The storage capacity of a latent heat storage system is deter-mined by the specific heat of the storage material as well as the enthalpy of the pha change(latent heat of fusion),which can potentially result in a smaller and lower-cost alternative to the currently available nsible storage system.Therefore,it is neces-sary to investigate the thermo-physical properties of the candidate PCMs becau they have a direct impact on the thermal perfor-mance and cost analysis of the storage system in the CSP plants.In general,becau many of the properties given in the literature are usually calculated rather than experimentally verified values,there is a discrepancy between the two values[20].As an example,the measured latent heat of fusion determined by Gomez et al.[20]is only half of the theoretical value for some eutectic nitrate and chloride PCMs.The discrepancy occurs becau the mixtures and eutectics do not exhibit ideal mixing behavior[8].

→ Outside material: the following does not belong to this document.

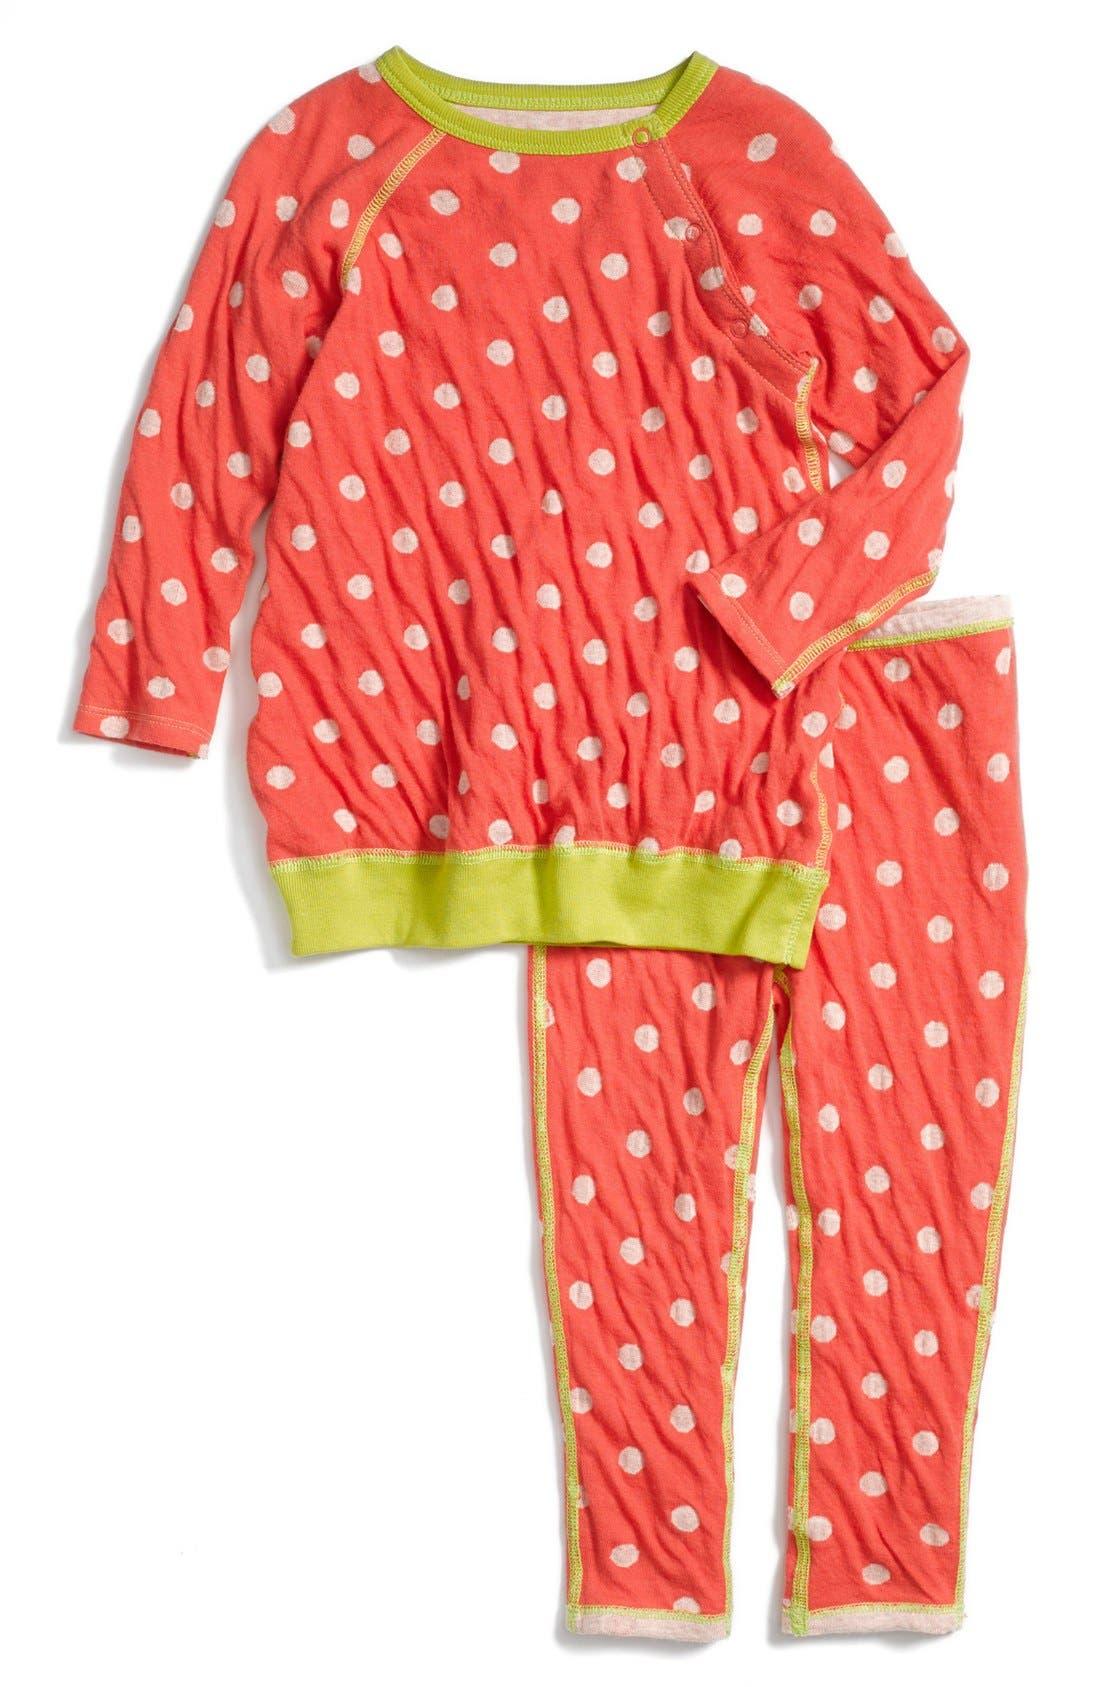 Main Image - Stem Baby Reversible Organic Cotton Sweatshirt & Pants Set (Baby)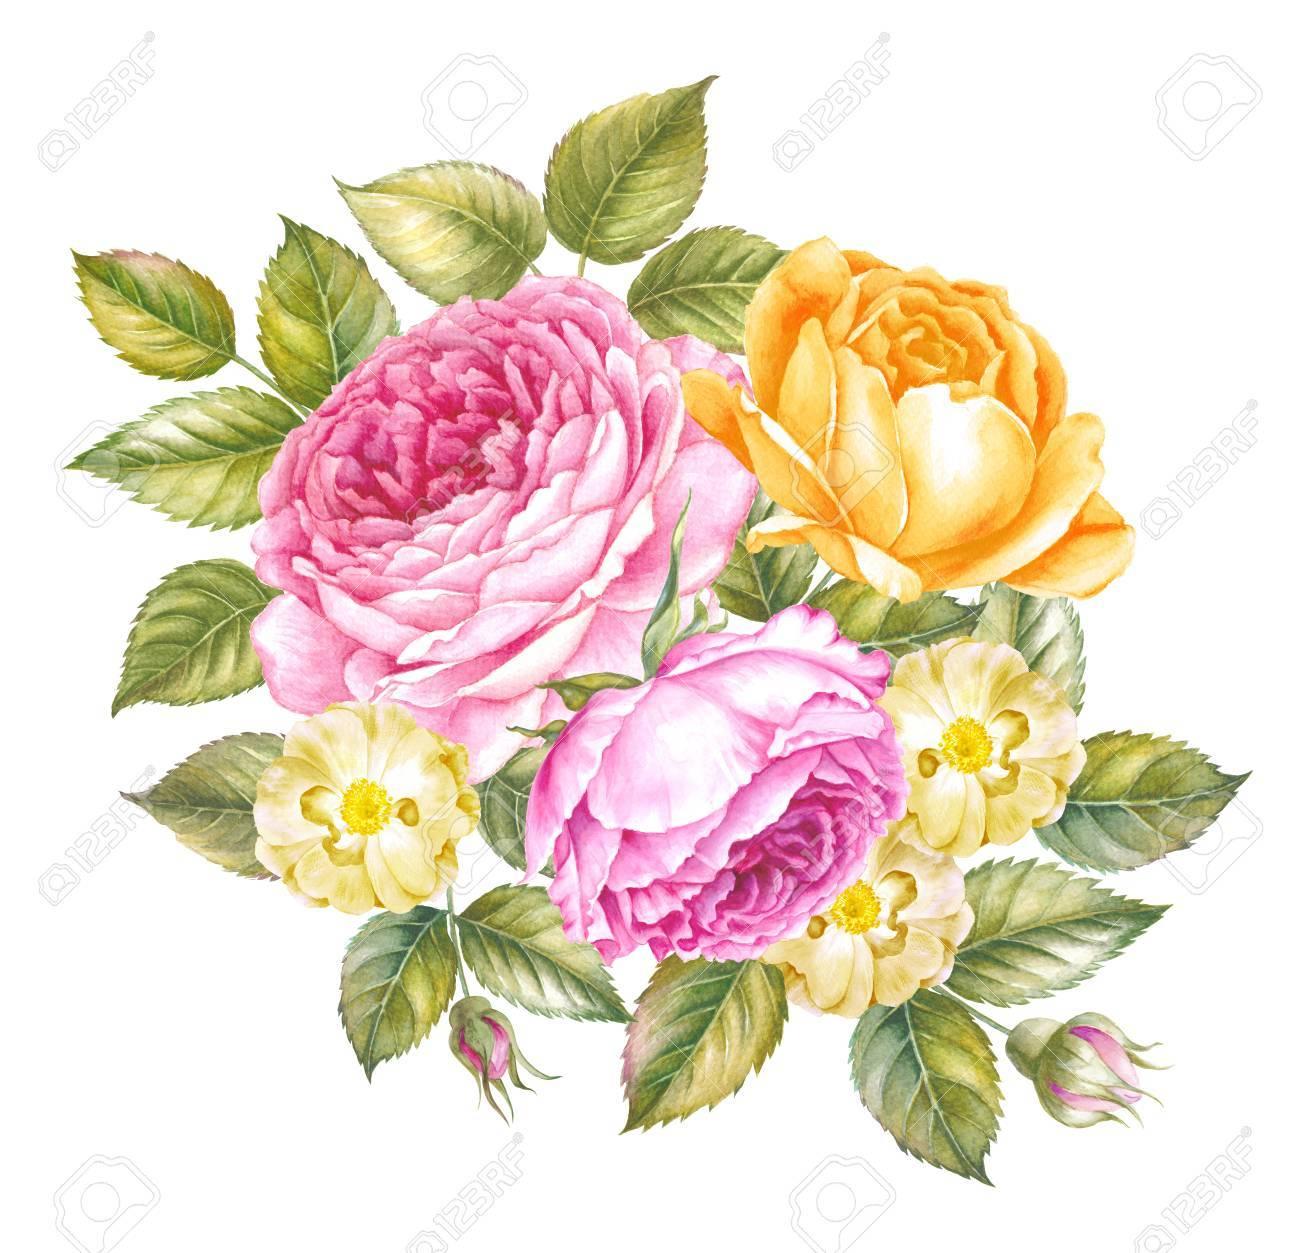 Blumenstrauß Aus Rosen. Botanische Illustration Des ... - Einladungskarten Hochzeit Rosen

初一英语听力The candidate PCMs should melt congruently and have insignif-icant sub-cooling;otherwi,the storage capacity of the system will be reduced.Also,good chemical and thermal stability are necessa
ry to ensure a reasonable life span of the storage system,which is another important criterion for the PCM lection.The life span of the storage system for CSP plants is considered to be between20 and30years.However,only limited rearch exists on the thermal stability of high-temperature PCMs.Laing et al.[18]tested a proto-type PCM storage unitfilled with sodium nitrate.The operation of 172cycles(more than4000h)proved that there was no change in the melting temperature and no decomposition of the PCM.Shin et al.[16]tested a salt eutectic(32wt%Li2CO3–35wt%K2CO3–33wt%Na2CO3)and found that it exhibits a distinct pha-change temperature(395–397°C)without pha paration or sub-cooling over50thermal cycles,and the corrosion of the salt within the SS316container was negligible.Petri et al.[21]evaluated four car-bonate salts(Li2CO3,Na2CO3,52.2wt%BaCO3–47.8wt%Na2CO3,and 81.3wt%Na2CO3–18.7wt%K2CO3)as PCMs and they cycled tho candidates for13,21,36,and38cycles,respectively.They found that the eutectic salt with52.2wt%BaCO3and47.8wt%Na2CO3showed stable performance,but the melting point measured was30°C higher than the published value(686°C).The salt mixture with 81.3wt%Na2CO3–18.7wt%K2CO3was not stable and it melted incongruently.When the pure salts(Li2CO3and Na2CO3)were tested in aled containers,they leaked through the weld andfittings.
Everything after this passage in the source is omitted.